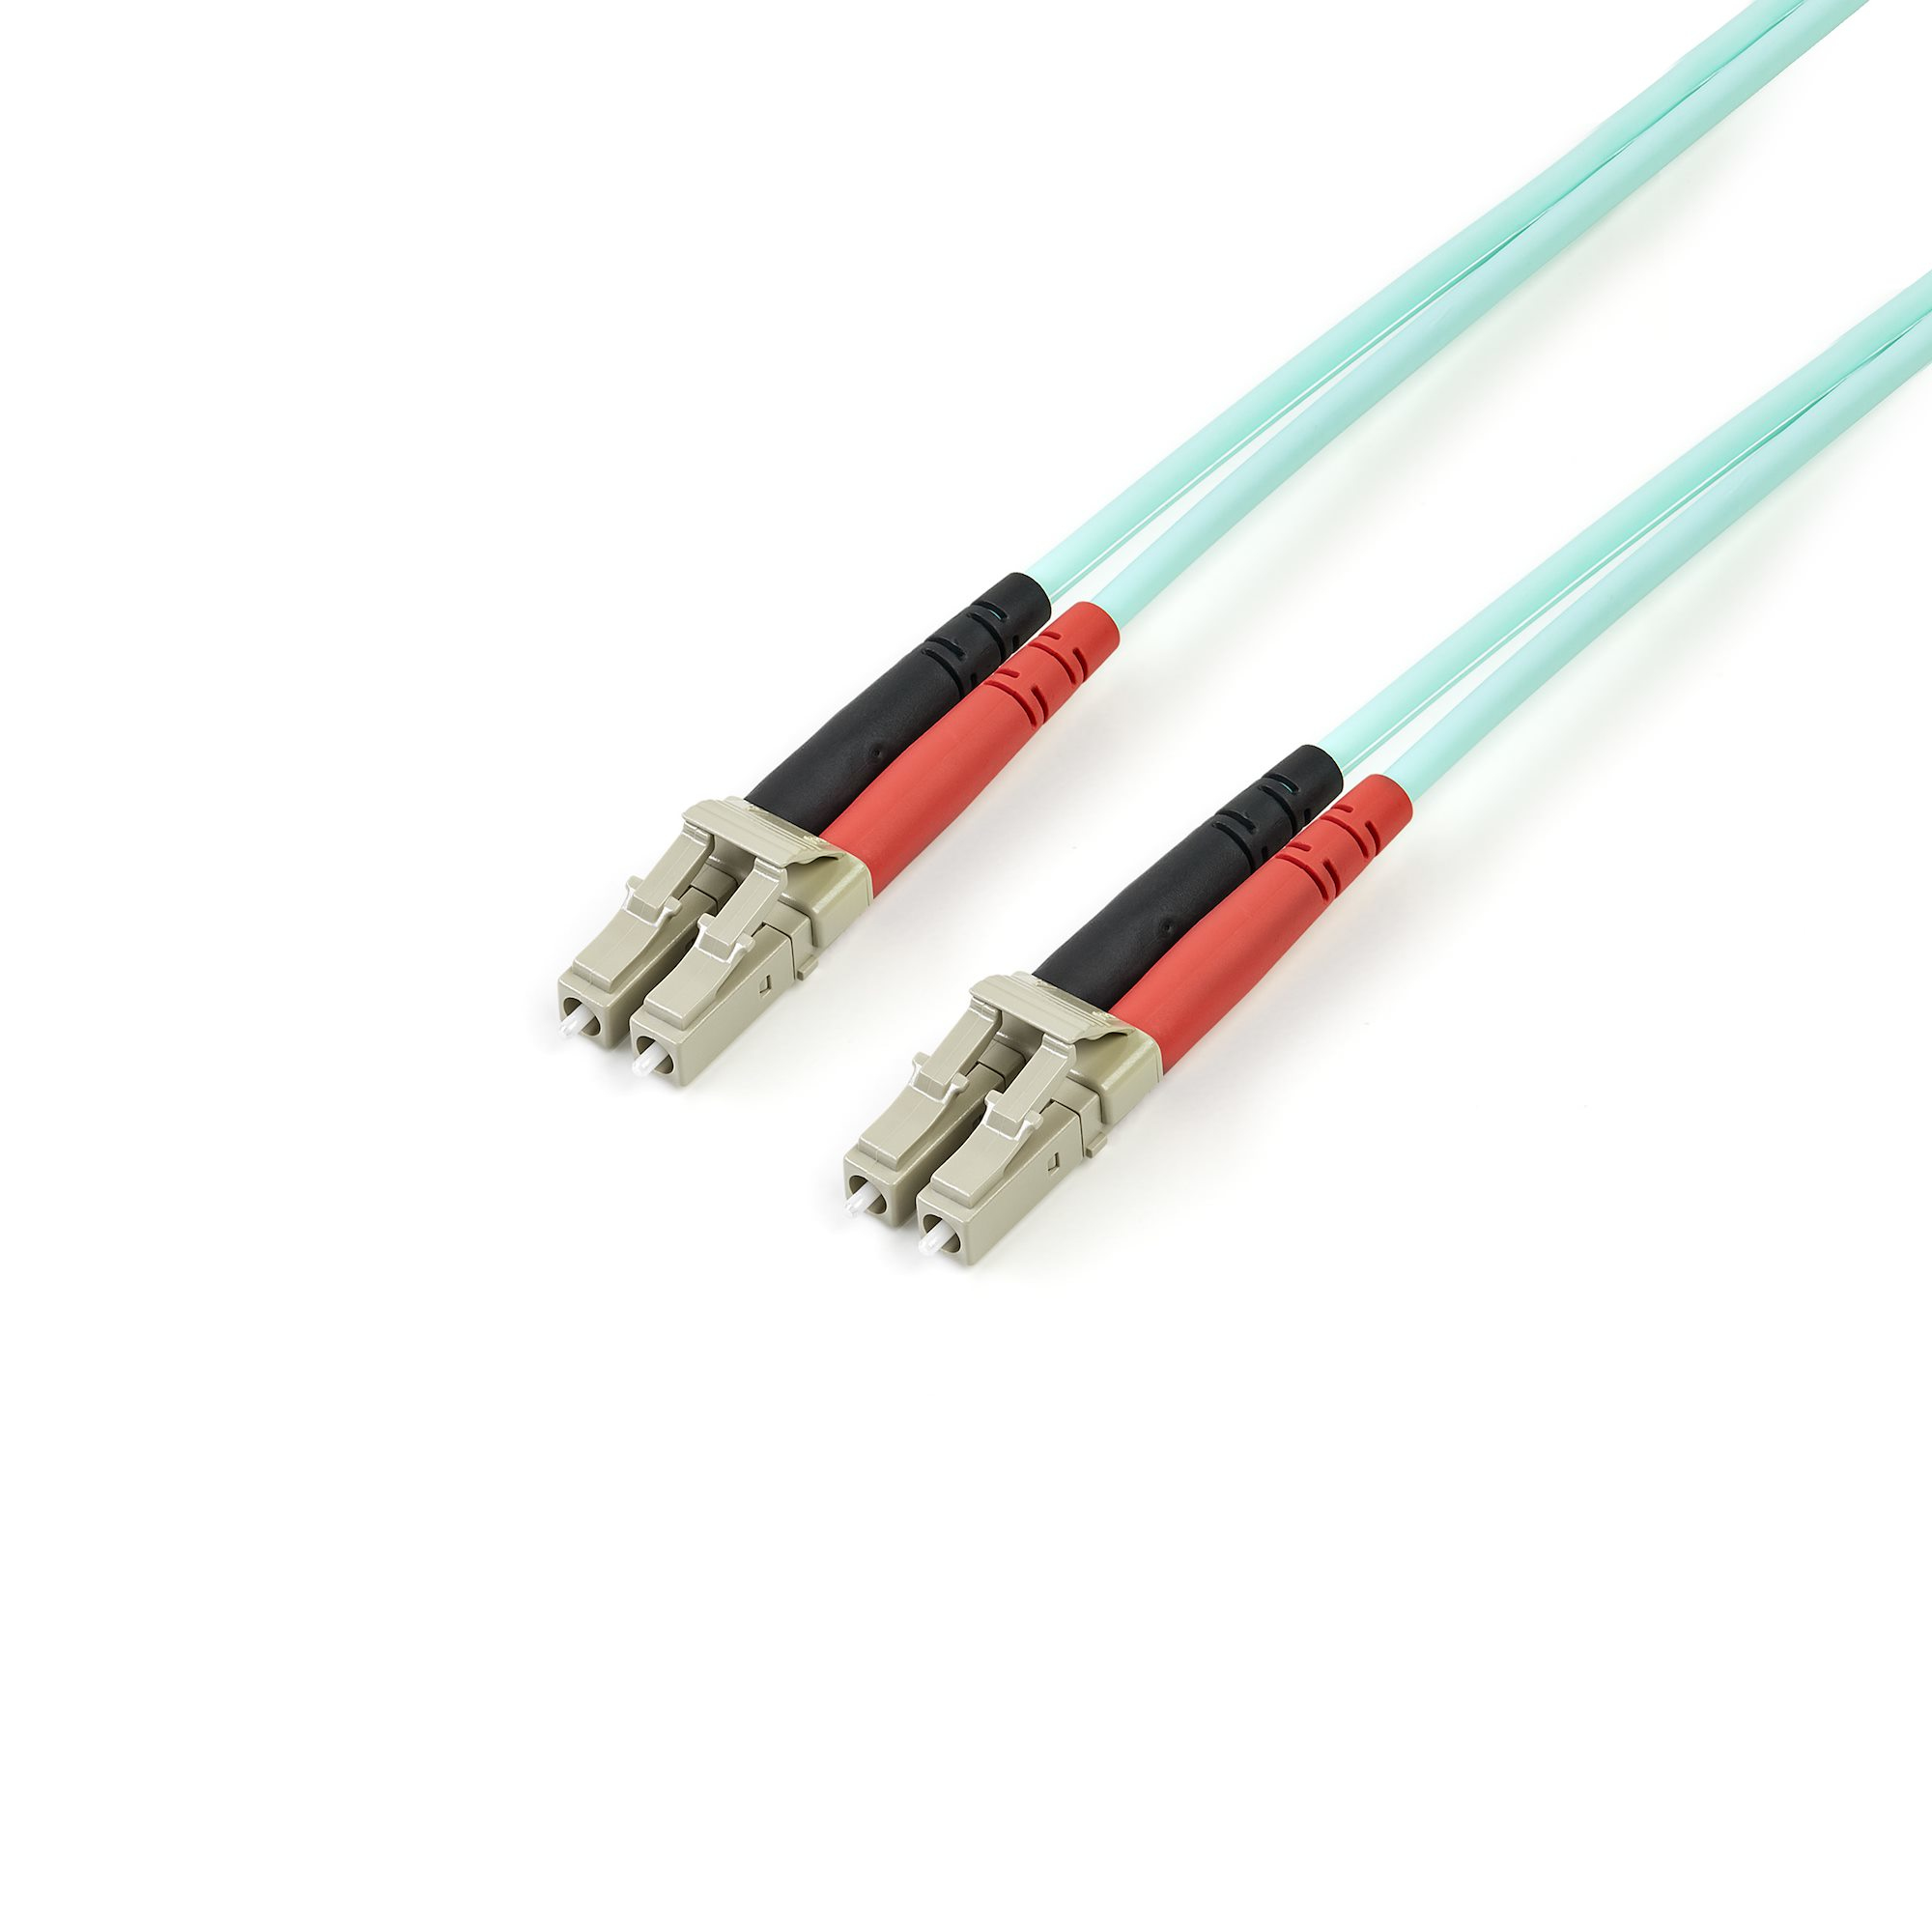 StarTech.com Fiber Optic Cable - 10 Gb Aqua - Multimode Duplex 50/125 - LSZH - LC/LC - 2 m~2m (6ft) LC/UPC to LC/UPC OM3 Multimode Fiber Optic Cable, Full Duplex 50/125µm Zipcord Fiber, 100G Networks, LOMMF/VCSEL, 
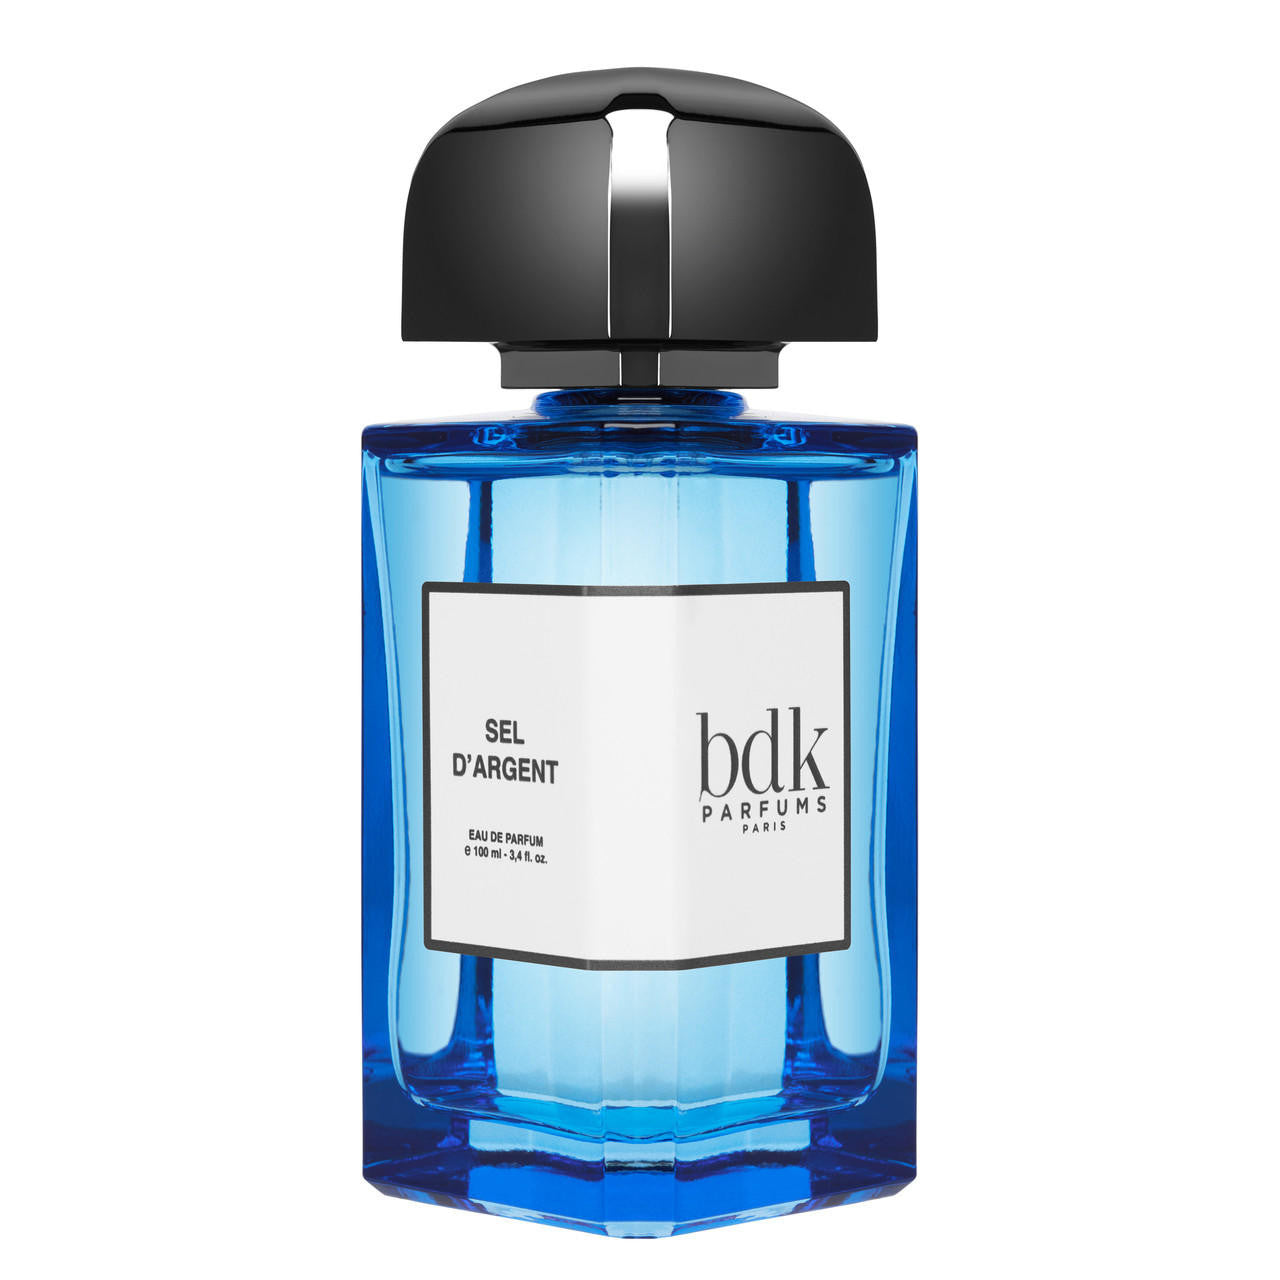  BDK Parfums SEL D'ARGENT Eau de Parfum 
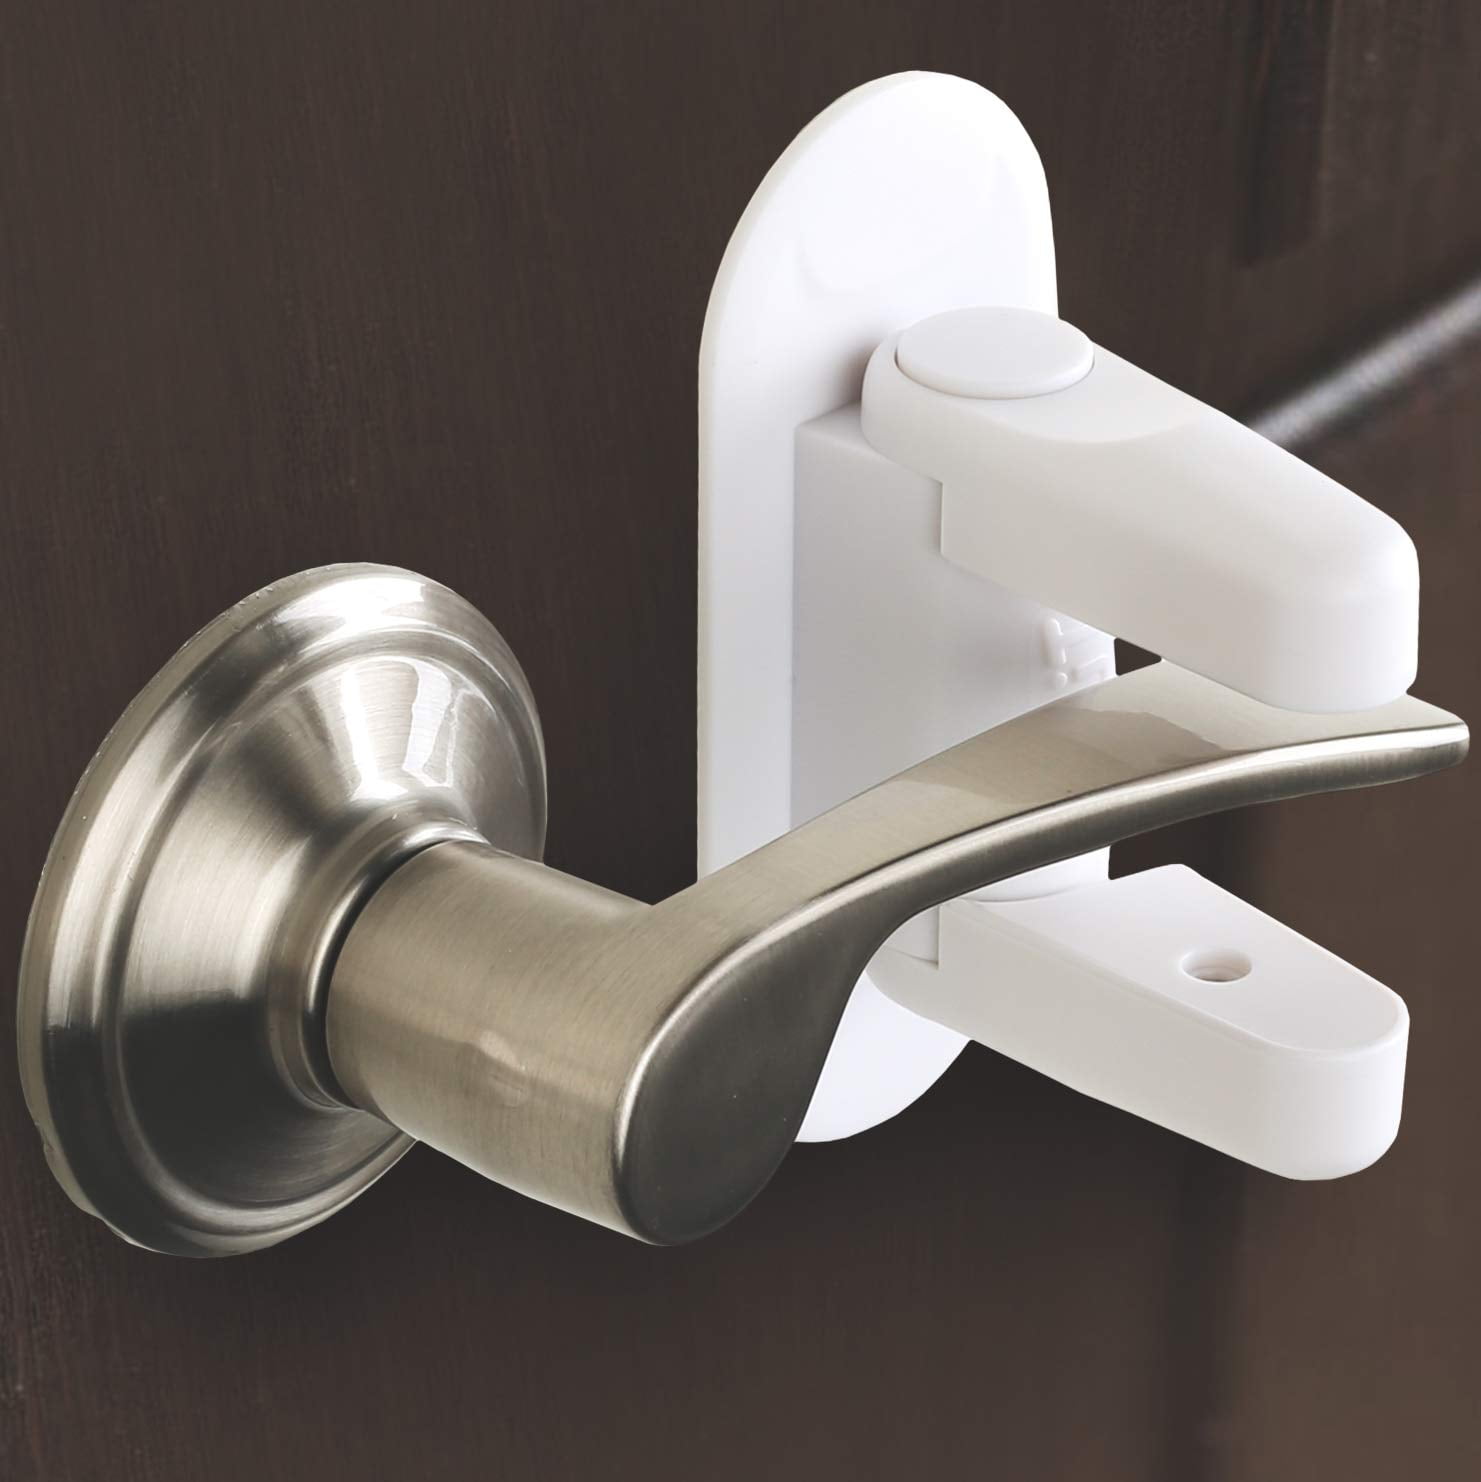 DOOR MONKEY Door Lock & Pinch Guard - Safety Door Lock For Kids - Baby  Proof Door Lock For Bedrooms, Bathrooms & Kitchens, Everything Else on  Carousell

__Directions__. Could you copy the lines above exactly and skip the images?

__Answer to this problem__.
 StarTech.com Fiber Optic Cable - 10 Gb Aqua - Multimode Duplex 50/125 - LSZH - LC/LC - 2 m~2m (6ft) LC/UPC to LC/UPC OM3 Multimode Fiber Optic Cable, Full Duplex 50/125µm Zipcord Fiber, 100G Networks, LOMMF/VCSEL, 
  BDK Parfums SEL D'ARGENT Eau de Parfum 
 DOOR MONKEY Door Lock & Pinch Guard - Safety Door Lock For Kids - Baby  Proof Door Lock For Bedrooms, Bathrooms & Kitchens, Everything Else on  Carousell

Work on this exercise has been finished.